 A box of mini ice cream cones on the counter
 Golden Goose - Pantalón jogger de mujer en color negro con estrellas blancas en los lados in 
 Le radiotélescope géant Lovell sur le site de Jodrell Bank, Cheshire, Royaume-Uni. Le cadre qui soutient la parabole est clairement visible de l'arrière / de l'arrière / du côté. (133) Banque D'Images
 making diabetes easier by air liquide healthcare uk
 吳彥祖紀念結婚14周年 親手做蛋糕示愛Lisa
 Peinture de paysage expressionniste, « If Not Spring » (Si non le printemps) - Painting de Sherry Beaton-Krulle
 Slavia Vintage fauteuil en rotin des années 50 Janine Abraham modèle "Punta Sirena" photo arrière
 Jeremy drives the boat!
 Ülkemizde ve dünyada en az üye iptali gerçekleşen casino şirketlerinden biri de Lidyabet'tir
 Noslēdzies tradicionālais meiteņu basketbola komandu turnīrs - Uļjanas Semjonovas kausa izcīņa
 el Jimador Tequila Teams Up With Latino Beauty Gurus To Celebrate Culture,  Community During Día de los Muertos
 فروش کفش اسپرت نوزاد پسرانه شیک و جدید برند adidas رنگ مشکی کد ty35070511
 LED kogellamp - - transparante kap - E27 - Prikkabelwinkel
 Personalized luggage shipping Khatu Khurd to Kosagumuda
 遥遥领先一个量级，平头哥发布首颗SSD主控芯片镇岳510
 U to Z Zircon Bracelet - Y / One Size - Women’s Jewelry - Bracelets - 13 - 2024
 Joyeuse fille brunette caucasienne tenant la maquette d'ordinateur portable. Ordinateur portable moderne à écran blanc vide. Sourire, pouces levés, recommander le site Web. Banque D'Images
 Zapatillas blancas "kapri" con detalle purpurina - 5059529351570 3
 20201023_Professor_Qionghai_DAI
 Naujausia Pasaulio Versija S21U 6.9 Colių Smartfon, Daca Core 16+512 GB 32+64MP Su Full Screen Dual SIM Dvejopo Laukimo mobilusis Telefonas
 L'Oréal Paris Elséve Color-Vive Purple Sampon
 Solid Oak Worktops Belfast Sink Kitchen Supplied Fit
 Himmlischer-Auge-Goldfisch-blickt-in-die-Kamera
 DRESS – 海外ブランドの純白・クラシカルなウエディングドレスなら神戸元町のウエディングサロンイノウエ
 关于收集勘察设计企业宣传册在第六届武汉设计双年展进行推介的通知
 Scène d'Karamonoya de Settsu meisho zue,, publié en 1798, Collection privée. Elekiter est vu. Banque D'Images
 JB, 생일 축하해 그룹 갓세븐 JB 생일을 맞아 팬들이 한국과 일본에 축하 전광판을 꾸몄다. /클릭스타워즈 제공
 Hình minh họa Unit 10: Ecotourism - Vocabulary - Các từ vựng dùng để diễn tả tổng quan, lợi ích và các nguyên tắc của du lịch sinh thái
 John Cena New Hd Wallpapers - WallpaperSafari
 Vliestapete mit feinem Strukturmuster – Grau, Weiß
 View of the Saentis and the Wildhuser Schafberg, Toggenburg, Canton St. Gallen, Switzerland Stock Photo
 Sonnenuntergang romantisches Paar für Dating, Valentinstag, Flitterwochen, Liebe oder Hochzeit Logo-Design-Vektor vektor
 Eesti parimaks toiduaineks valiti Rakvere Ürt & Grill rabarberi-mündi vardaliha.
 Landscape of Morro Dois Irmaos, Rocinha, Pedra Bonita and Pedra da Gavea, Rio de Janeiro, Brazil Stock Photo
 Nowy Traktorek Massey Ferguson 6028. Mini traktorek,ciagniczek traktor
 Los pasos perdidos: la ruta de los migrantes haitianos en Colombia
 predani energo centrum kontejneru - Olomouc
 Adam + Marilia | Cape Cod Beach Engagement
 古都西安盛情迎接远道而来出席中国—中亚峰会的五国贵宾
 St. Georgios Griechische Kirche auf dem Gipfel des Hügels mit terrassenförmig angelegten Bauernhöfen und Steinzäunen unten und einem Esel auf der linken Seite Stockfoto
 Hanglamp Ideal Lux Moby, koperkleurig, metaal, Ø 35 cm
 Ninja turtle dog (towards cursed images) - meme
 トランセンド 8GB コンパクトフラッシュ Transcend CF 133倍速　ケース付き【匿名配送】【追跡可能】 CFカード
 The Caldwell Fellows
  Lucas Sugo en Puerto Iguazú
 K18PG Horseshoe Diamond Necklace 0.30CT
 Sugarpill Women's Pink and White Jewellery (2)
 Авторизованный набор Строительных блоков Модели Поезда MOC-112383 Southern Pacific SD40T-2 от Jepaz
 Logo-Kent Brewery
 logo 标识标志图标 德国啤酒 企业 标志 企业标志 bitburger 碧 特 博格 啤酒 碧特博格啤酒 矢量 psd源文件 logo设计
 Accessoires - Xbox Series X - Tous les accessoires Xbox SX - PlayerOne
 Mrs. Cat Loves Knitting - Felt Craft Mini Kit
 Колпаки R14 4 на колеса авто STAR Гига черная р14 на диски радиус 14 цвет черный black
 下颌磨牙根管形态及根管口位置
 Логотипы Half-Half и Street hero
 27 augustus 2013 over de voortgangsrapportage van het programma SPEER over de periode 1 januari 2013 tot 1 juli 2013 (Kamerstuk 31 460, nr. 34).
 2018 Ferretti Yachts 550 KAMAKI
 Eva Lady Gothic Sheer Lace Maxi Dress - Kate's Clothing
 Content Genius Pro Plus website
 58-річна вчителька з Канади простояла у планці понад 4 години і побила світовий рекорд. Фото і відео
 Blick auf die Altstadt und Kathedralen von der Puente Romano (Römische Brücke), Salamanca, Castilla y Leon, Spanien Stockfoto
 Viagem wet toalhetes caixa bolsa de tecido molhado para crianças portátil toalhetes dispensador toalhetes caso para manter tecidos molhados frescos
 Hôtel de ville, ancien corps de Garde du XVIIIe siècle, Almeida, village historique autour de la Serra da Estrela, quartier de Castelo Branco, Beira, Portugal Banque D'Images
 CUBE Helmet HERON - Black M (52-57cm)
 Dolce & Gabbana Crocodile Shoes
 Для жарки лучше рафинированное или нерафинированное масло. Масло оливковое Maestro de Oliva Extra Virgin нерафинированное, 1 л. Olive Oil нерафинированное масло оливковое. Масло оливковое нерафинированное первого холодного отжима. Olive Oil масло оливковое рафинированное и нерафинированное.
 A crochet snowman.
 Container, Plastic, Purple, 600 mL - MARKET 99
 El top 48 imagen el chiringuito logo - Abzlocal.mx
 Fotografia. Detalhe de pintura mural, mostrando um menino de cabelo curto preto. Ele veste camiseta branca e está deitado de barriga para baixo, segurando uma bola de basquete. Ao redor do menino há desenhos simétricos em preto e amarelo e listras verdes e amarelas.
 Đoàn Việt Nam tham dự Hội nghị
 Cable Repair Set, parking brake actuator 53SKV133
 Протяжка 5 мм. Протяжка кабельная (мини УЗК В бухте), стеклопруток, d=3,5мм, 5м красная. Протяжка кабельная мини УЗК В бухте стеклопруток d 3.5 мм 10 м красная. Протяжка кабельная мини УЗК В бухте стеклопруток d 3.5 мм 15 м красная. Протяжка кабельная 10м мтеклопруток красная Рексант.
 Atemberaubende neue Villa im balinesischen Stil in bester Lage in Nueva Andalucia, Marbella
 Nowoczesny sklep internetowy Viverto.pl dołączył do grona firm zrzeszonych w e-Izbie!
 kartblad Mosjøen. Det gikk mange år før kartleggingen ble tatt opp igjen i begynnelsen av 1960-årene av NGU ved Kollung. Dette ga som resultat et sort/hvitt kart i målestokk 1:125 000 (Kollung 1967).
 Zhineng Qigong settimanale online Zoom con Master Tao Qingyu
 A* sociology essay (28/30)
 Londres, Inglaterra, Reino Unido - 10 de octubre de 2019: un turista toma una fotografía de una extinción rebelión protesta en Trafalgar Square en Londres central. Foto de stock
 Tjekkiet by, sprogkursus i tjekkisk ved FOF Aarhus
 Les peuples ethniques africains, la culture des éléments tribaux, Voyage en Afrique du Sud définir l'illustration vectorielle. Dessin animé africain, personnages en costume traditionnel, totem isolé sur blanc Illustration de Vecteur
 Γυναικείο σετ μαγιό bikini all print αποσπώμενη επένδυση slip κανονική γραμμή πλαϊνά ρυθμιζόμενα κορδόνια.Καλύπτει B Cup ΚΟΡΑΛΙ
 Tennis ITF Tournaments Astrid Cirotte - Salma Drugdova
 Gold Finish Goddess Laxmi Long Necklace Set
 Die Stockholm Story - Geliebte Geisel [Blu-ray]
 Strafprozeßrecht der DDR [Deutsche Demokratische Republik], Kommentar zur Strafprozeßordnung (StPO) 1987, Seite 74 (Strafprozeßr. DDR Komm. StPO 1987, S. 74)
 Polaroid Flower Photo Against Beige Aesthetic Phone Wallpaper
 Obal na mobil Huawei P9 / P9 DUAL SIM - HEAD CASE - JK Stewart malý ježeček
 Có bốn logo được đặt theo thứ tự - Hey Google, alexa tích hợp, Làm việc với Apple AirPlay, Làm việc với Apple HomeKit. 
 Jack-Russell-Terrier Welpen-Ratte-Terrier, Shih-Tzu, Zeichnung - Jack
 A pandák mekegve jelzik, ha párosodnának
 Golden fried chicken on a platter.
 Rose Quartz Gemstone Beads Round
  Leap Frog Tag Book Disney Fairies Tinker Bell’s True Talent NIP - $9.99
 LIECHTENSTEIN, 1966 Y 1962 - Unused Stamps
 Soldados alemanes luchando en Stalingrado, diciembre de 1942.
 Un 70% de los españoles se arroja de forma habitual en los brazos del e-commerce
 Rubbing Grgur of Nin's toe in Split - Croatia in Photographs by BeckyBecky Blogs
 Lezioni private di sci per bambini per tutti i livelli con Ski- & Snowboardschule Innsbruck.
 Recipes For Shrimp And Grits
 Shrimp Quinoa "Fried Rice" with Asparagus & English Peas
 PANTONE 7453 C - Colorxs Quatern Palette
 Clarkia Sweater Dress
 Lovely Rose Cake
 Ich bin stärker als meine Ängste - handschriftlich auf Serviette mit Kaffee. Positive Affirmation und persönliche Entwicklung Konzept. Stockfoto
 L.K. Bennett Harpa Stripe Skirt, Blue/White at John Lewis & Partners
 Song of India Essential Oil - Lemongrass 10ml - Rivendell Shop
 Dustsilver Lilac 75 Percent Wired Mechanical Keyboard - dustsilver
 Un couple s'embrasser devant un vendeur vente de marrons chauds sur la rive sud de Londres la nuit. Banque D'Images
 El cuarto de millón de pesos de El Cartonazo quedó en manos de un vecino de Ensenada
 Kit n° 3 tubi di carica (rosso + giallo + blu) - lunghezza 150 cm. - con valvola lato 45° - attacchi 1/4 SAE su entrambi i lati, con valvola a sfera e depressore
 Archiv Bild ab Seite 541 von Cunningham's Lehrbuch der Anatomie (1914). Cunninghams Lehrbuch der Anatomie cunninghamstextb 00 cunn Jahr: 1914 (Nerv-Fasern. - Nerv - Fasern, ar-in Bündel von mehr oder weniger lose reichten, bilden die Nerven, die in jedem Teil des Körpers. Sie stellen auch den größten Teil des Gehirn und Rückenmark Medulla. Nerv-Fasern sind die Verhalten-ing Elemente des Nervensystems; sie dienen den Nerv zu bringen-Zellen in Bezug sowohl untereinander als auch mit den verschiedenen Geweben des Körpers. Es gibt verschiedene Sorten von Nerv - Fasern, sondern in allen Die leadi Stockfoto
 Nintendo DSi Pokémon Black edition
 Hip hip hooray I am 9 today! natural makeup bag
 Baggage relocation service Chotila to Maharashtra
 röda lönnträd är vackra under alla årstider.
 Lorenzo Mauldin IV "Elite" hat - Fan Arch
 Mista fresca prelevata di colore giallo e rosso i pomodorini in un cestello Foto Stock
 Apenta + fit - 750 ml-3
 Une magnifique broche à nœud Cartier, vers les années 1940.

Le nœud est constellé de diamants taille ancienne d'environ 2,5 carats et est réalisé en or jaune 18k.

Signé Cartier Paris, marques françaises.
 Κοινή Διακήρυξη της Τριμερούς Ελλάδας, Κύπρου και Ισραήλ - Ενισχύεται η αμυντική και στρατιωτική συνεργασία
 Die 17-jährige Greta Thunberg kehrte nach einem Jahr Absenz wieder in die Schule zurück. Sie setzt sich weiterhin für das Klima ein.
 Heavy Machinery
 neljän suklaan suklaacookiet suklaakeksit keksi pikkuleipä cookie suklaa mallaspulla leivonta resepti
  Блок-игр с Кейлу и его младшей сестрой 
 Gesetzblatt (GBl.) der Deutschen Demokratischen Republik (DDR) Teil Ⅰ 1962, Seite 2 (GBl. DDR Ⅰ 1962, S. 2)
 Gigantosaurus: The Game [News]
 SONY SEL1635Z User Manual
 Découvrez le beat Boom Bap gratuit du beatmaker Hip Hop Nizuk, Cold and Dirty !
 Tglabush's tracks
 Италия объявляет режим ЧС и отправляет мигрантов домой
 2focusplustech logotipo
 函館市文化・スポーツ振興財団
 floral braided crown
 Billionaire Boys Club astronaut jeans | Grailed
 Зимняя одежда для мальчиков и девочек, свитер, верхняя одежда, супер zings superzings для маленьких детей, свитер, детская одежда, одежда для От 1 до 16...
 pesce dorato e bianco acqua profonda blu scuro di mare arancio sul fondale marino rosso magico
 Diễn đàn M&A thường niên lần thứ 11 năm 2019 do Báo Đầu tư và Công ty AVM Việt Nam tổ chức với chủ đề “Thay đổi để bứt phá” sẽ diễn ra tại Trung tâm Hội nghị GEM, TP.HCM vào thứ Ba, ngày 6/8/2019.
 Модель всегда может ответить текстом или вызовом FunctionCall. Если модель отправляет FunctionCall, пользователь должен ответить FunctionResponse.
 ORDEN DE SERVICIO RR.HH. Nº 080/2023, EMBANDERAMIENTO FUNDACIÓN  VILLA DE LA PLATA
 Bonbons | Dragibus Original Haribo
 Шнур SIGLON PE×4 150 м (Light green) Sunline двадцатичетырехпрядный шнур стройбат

Task to complete:
Pull out all lines of the data with the string "Purple".

Solution for this task:
 L'Oréal Paris Elséve Color-Vive Purple Sampon
 Container, Plastic, Purple, 600 mL - MARKET 99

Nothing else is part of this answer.